▶ _Task objective_: Go to the line below that has "Harpan är ett", print it and each line after it exactly, and stop after the line that has "אסטמה של העור"; leave out pictures.

▶ _Information provided_:
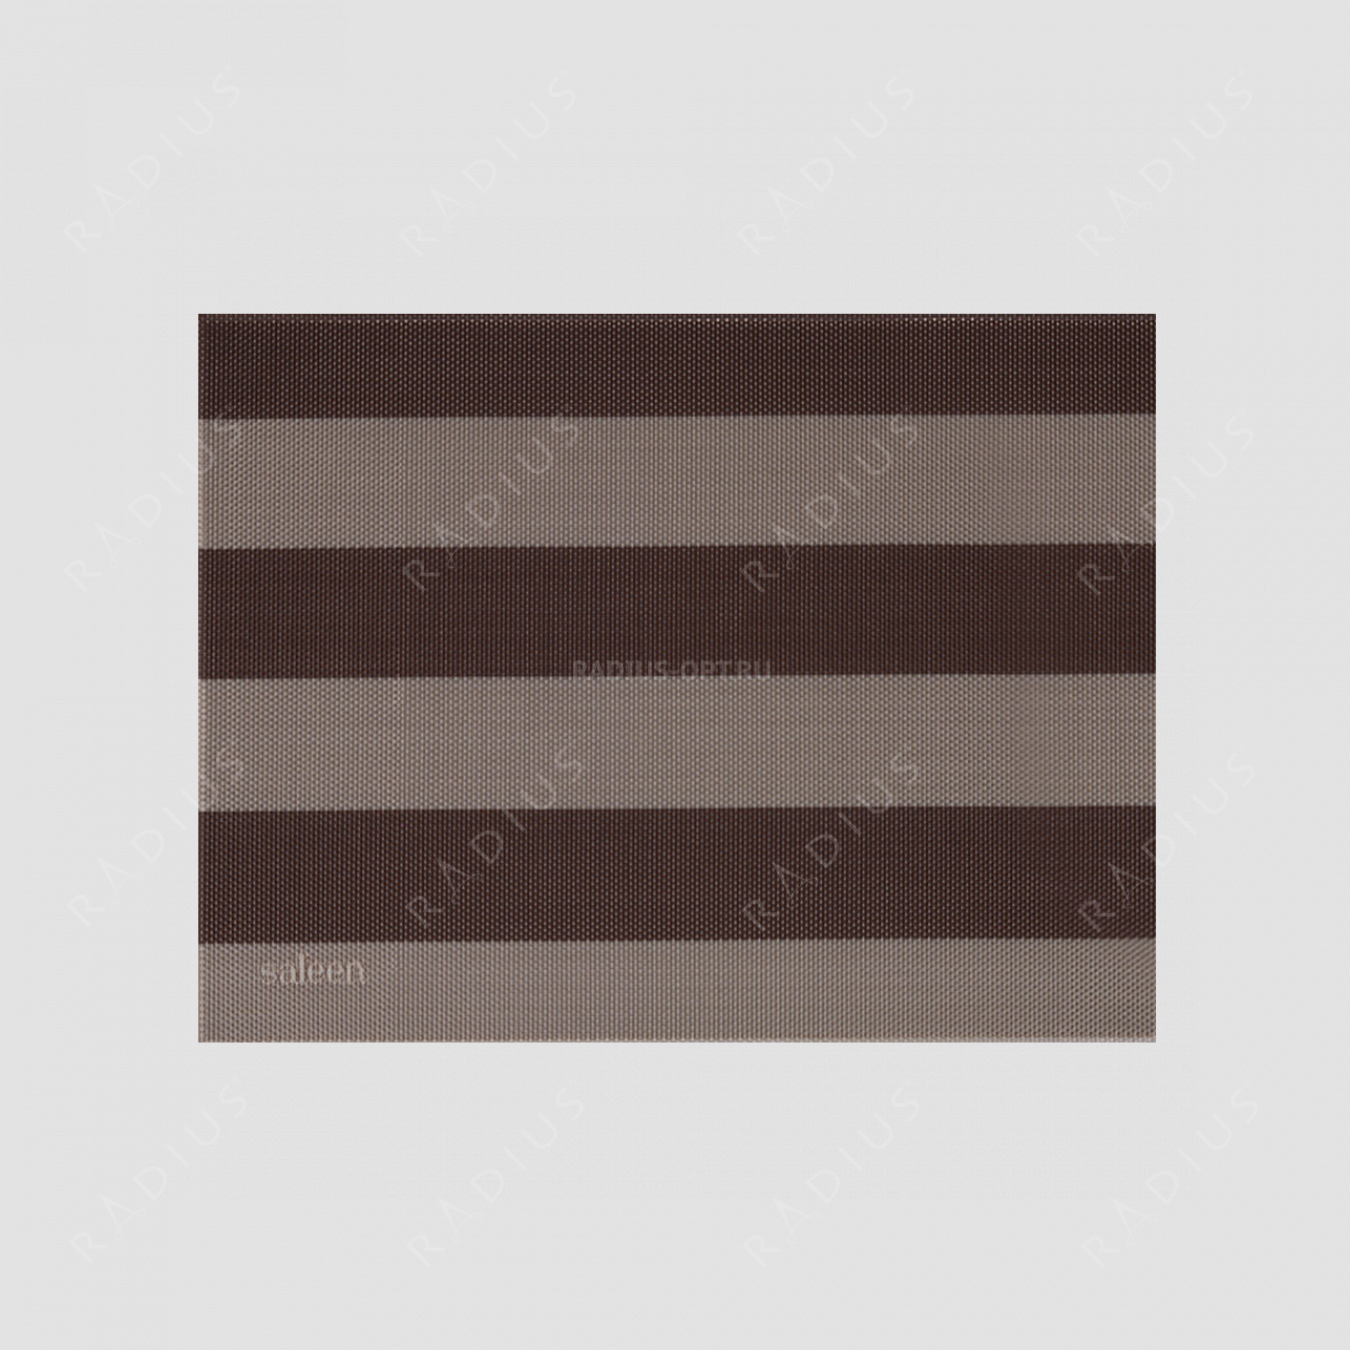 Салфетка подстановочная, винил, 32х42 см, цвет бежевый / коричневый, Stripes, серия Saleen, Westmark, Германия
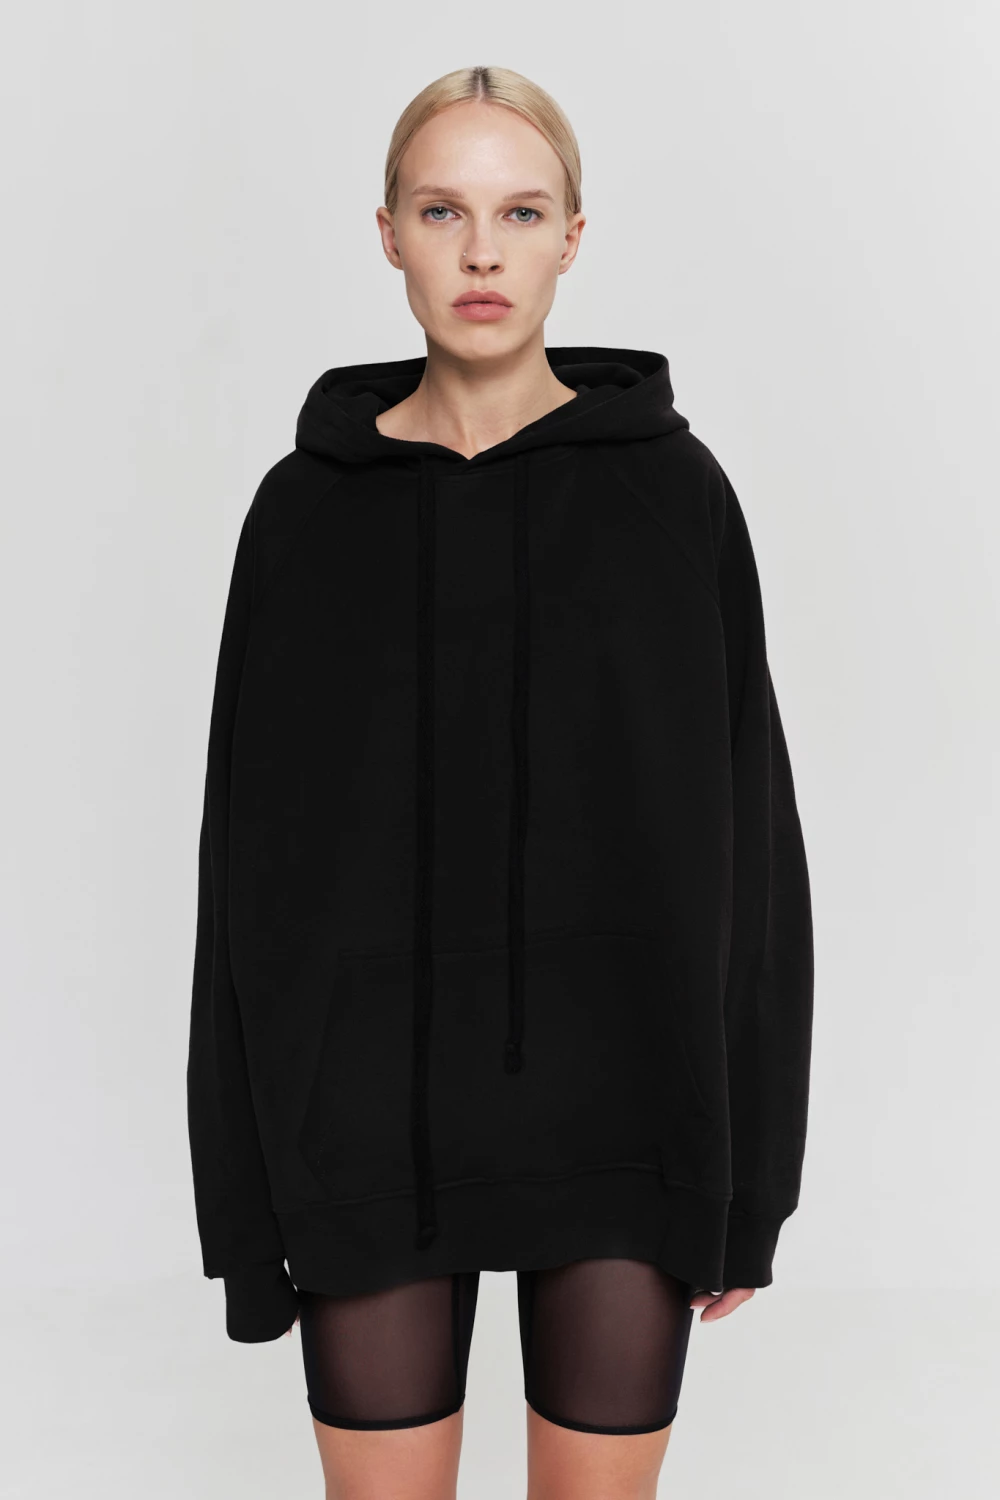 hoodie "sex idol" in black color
==
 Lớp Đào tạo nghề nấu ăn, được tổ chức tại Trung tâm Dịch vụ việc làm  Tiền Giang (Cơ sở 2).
==
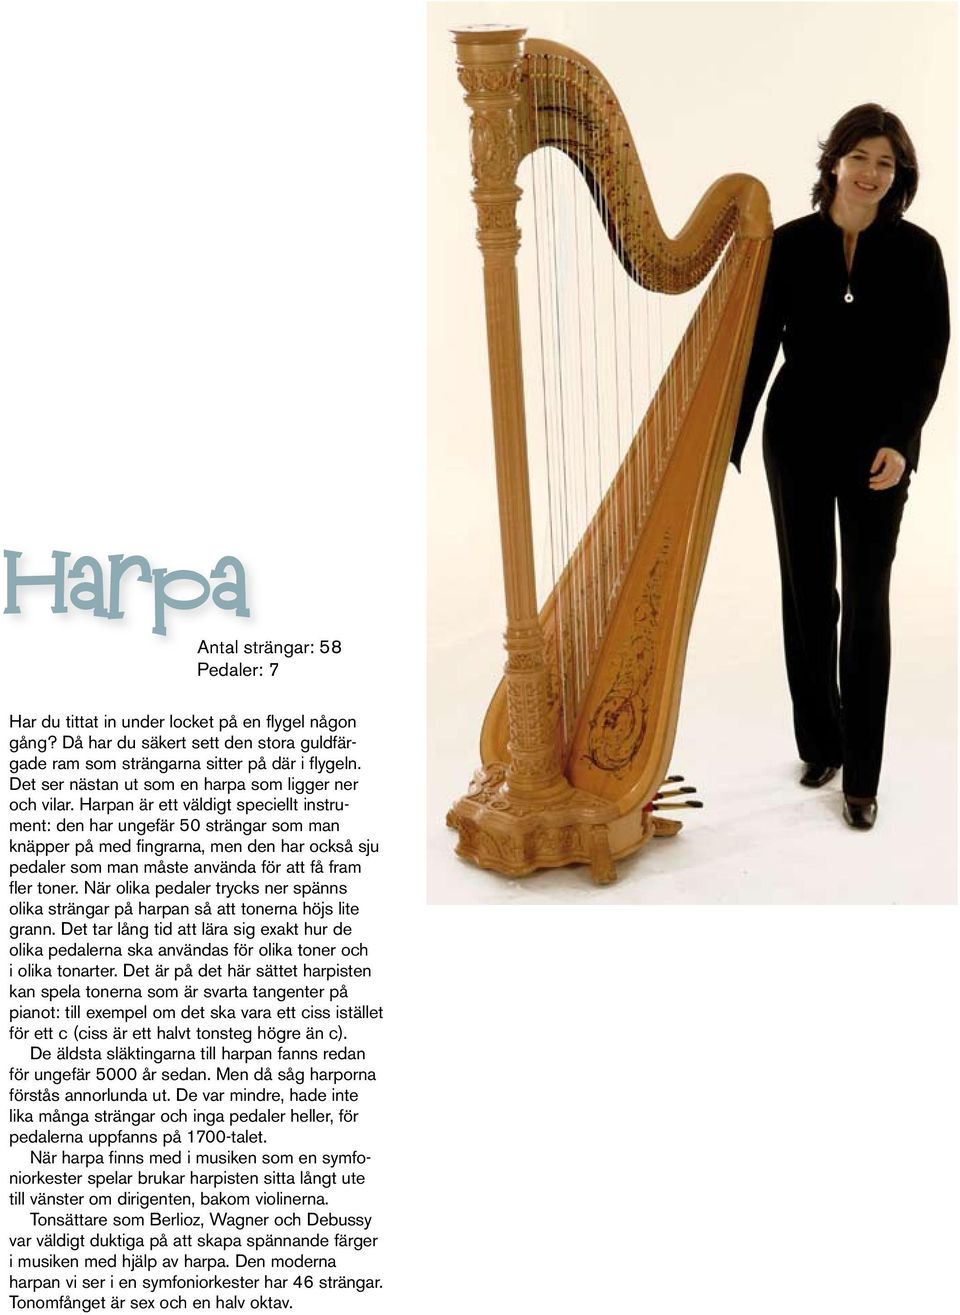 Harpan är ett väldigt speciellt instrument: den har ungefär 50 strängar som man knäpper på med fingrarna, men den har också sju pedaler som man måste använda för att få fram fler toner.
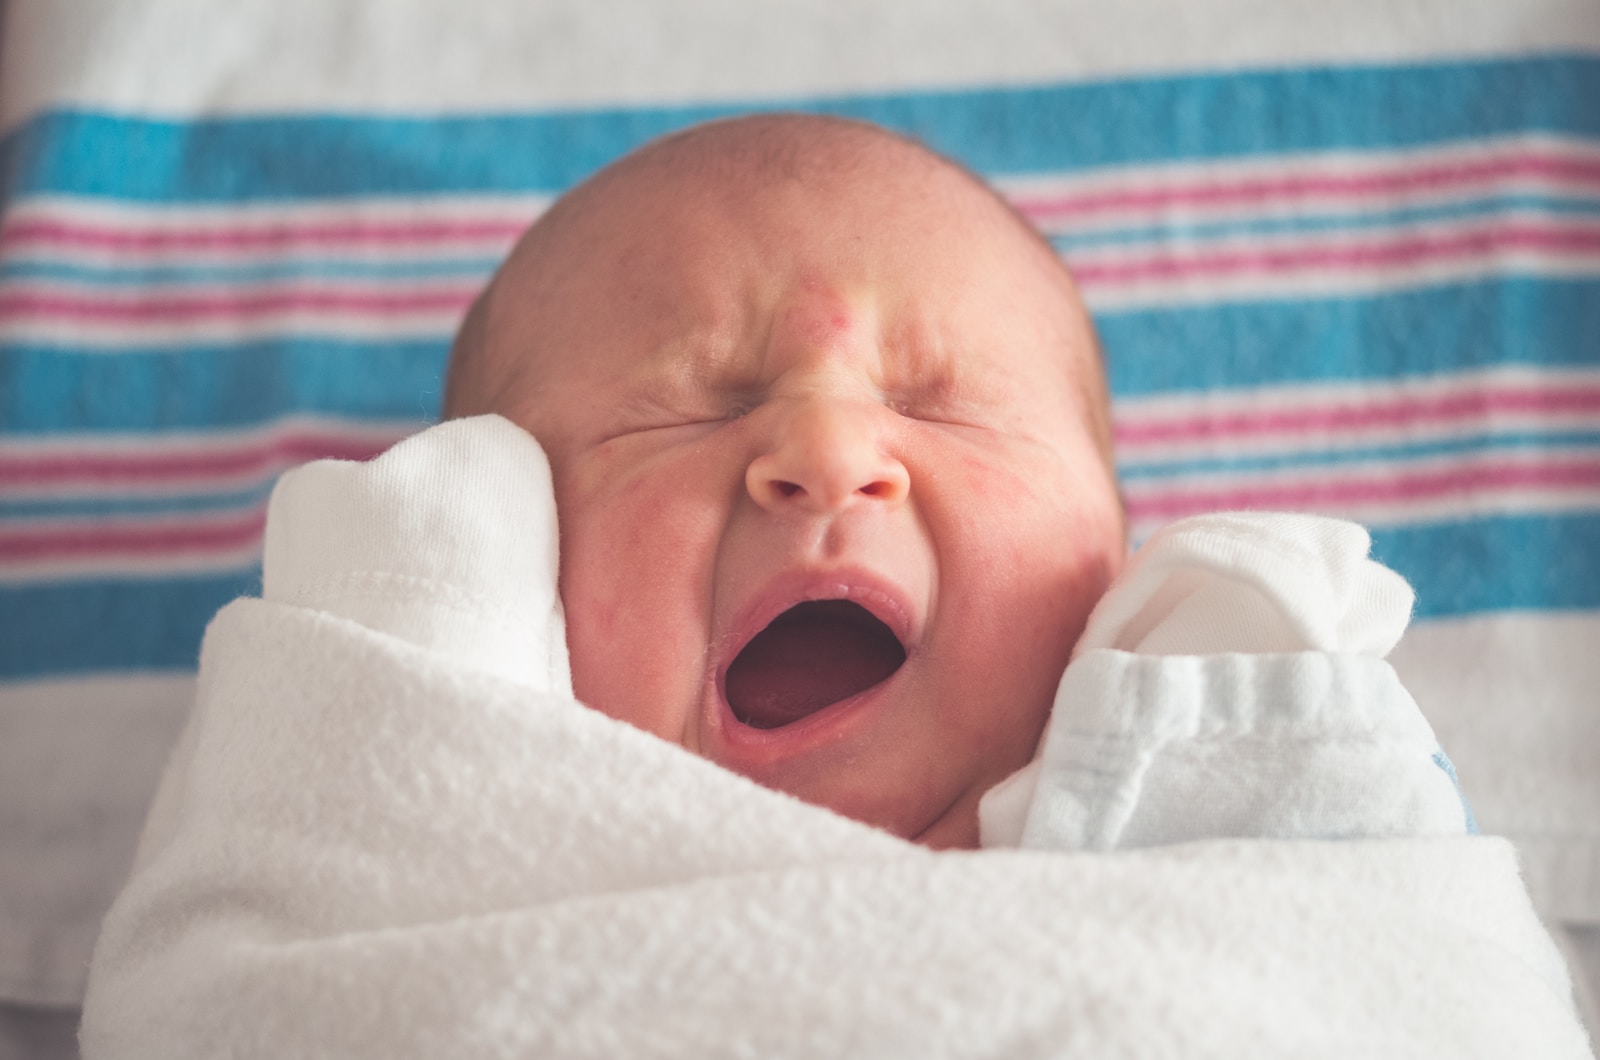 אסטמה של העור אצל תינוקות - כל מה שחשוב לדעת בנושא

▶ _Exercise response_:
 Harpan är ett väldigt speciellt instrument: den har ungefär 50 strängar som man knäpper på med fingrarna, men den har också sju pedaler som man måste använda för att få fram fler toner.
 אסטמה של העור אצל תינוקות - כל מה שחשוב לדעת בנושא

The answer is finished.